STORED DATA Block Start
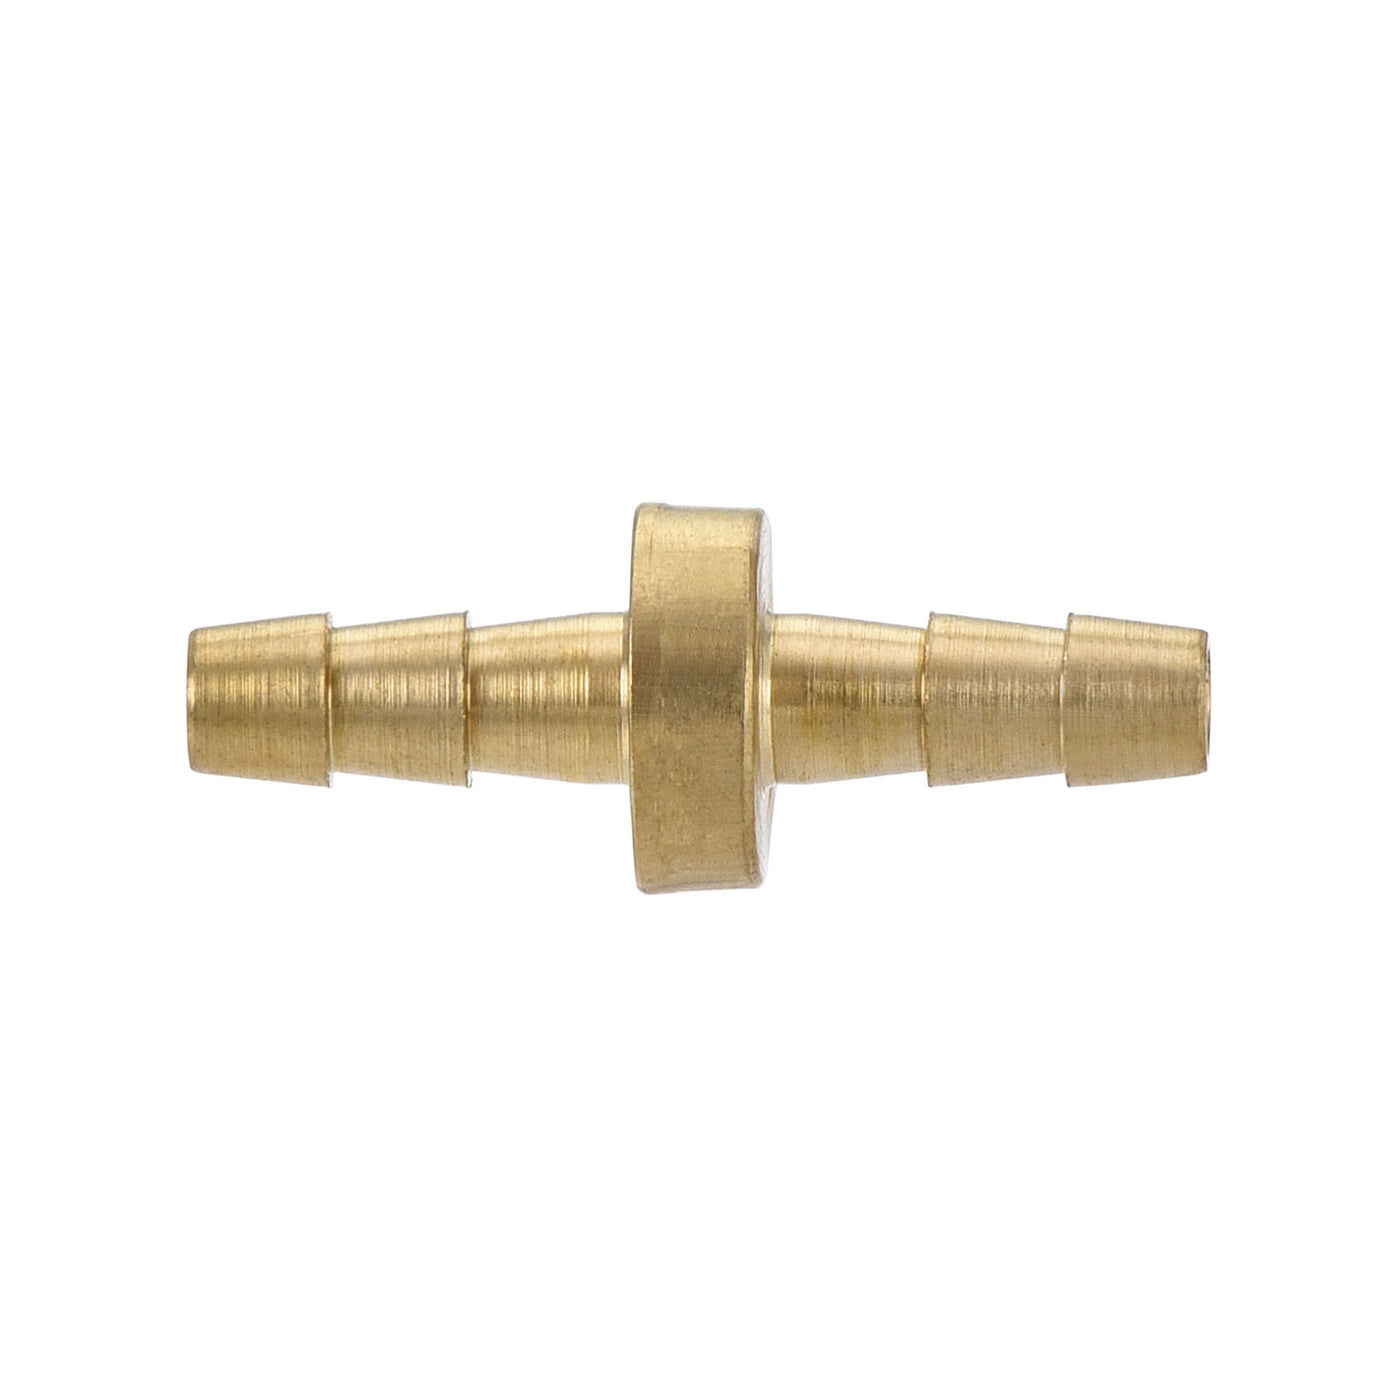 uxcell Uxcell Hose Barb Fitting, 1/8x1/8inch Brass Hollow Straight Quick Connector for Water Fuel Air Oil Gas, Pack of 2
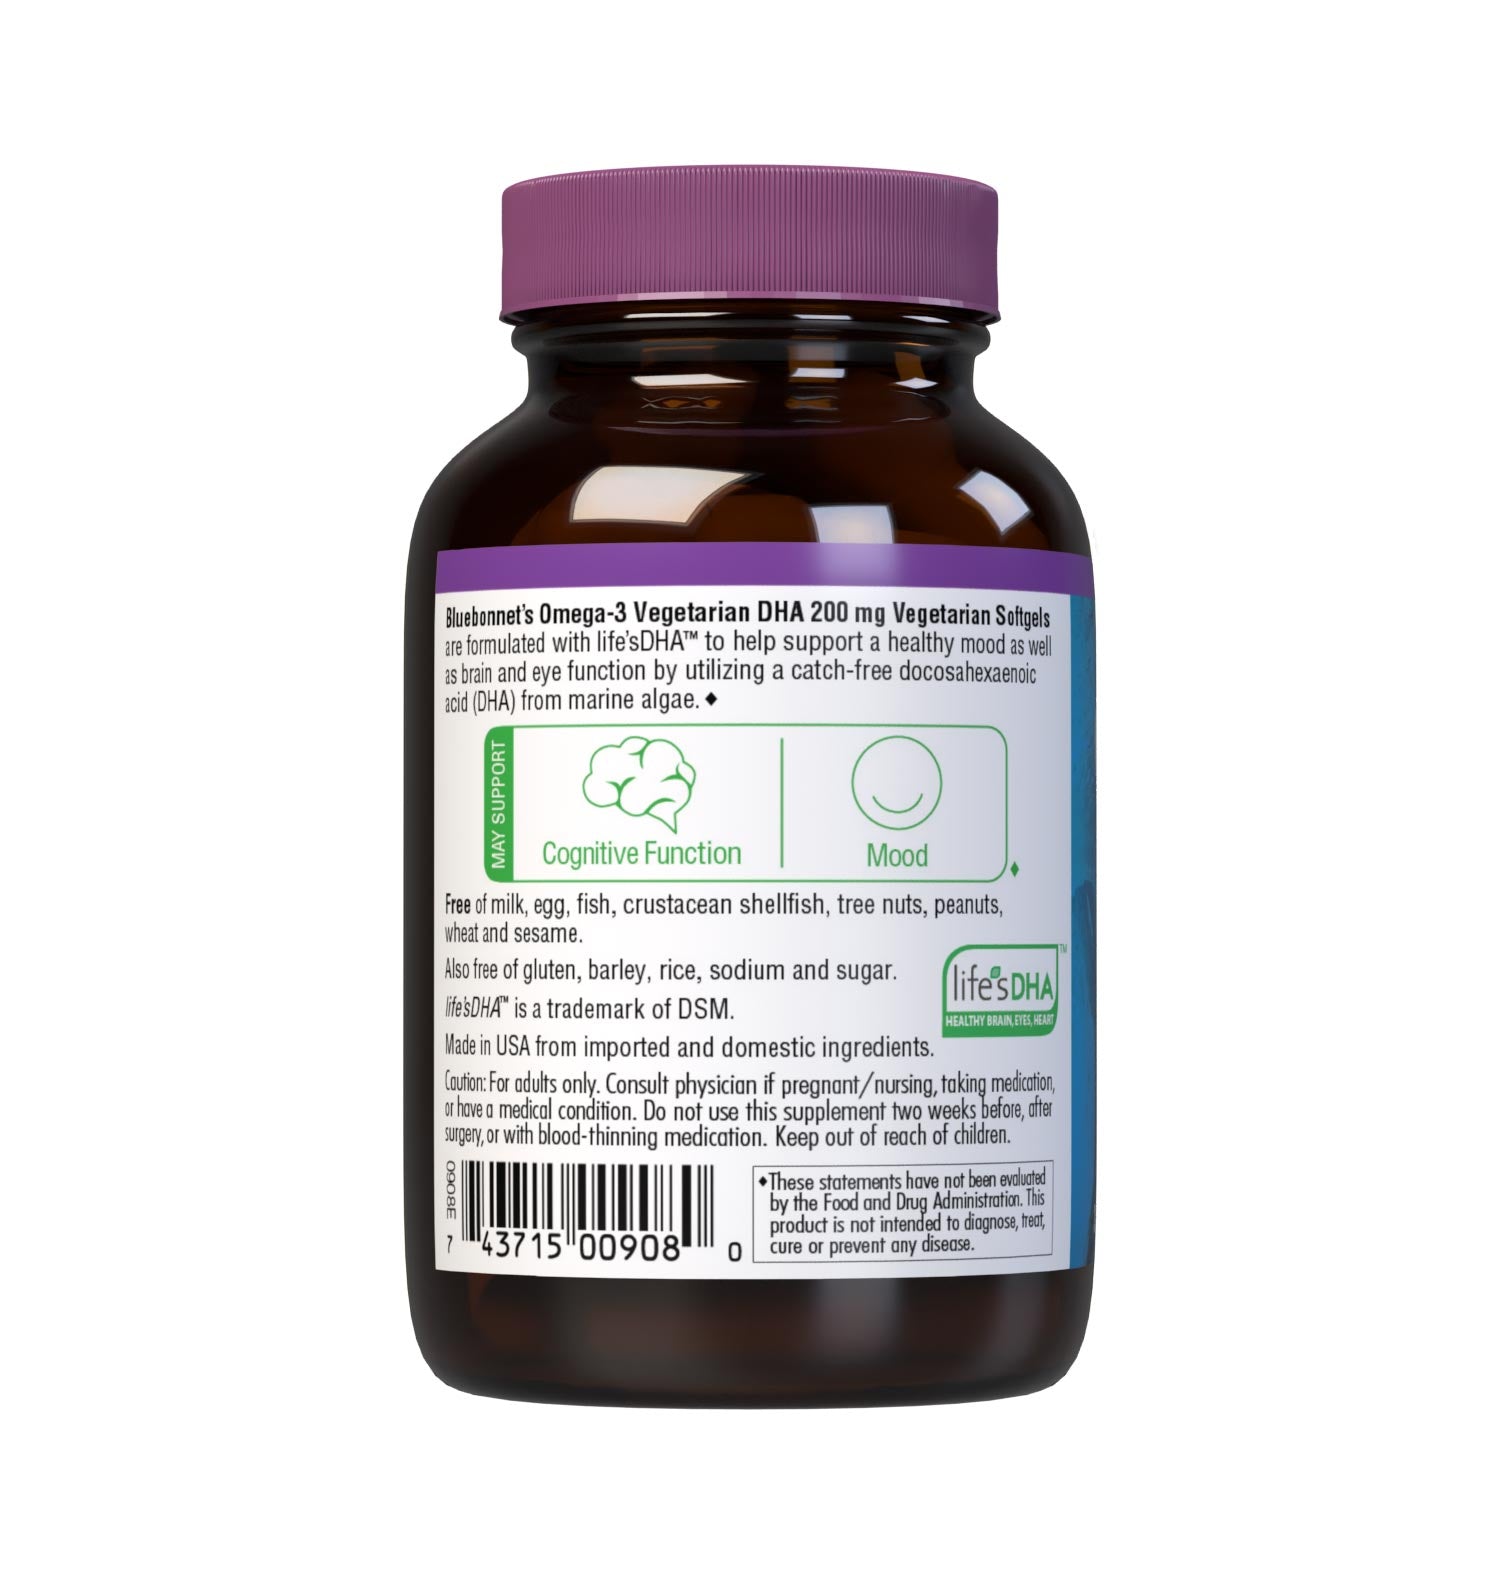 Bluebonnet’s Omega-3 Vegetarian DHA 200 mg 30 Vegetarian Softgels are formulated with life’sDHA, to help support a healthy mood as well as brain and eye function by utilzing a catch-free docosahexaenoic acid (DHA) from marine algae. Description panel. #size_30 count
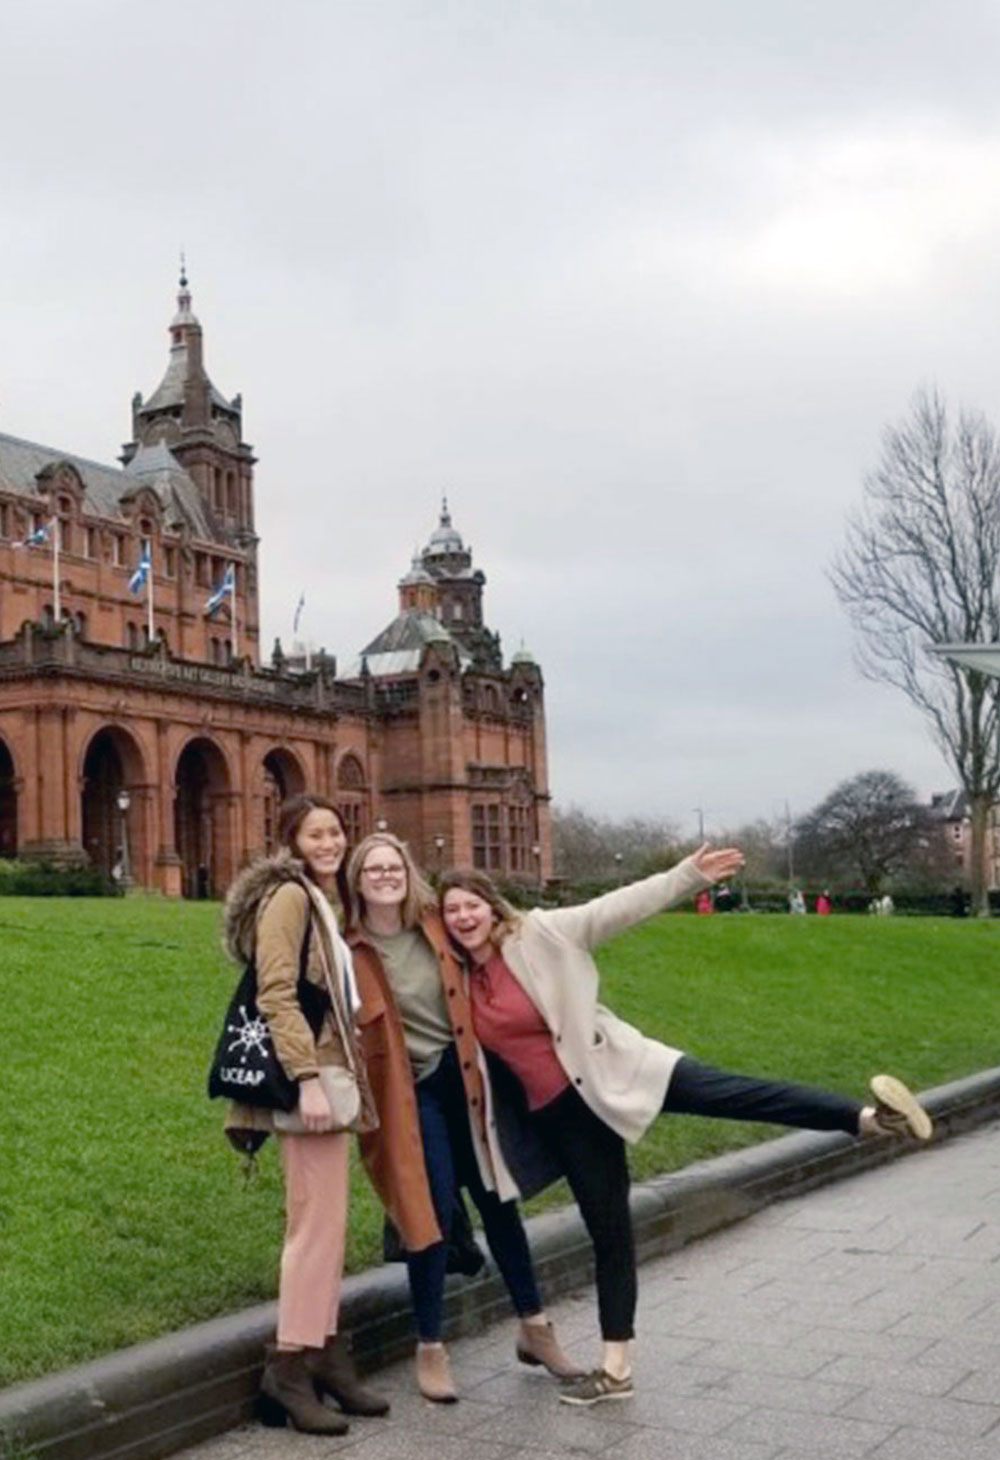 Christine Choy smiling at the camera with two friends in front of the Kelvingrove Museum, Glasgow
STORED DATA Block End
### [EXERCISE DESCRIPTION]
Please retype the listing exactly, leaving out any images.

### [SOLVED PROBLEM]
 uxcell Uxcell Hose Barb Fitting, 1/8x1/8inch Brass Hollow Straight Quick Connector for Water Fuel Air Oil Gas, Pack of 2
 Bluebonnet’s Omega-3 Vegetarian DHA 200 mg 30 Vegetarian Softgels are formulated with life’sDHA, to help support a healthy mood as well as brain and eye function by utilzing a catch-free docosahexaenoic acid (DHA) from marine algae. Description panel. #size_30 count
 Christine Choy smiling at the camera with two friends in front of the Kelvingrove Museum, Glasgow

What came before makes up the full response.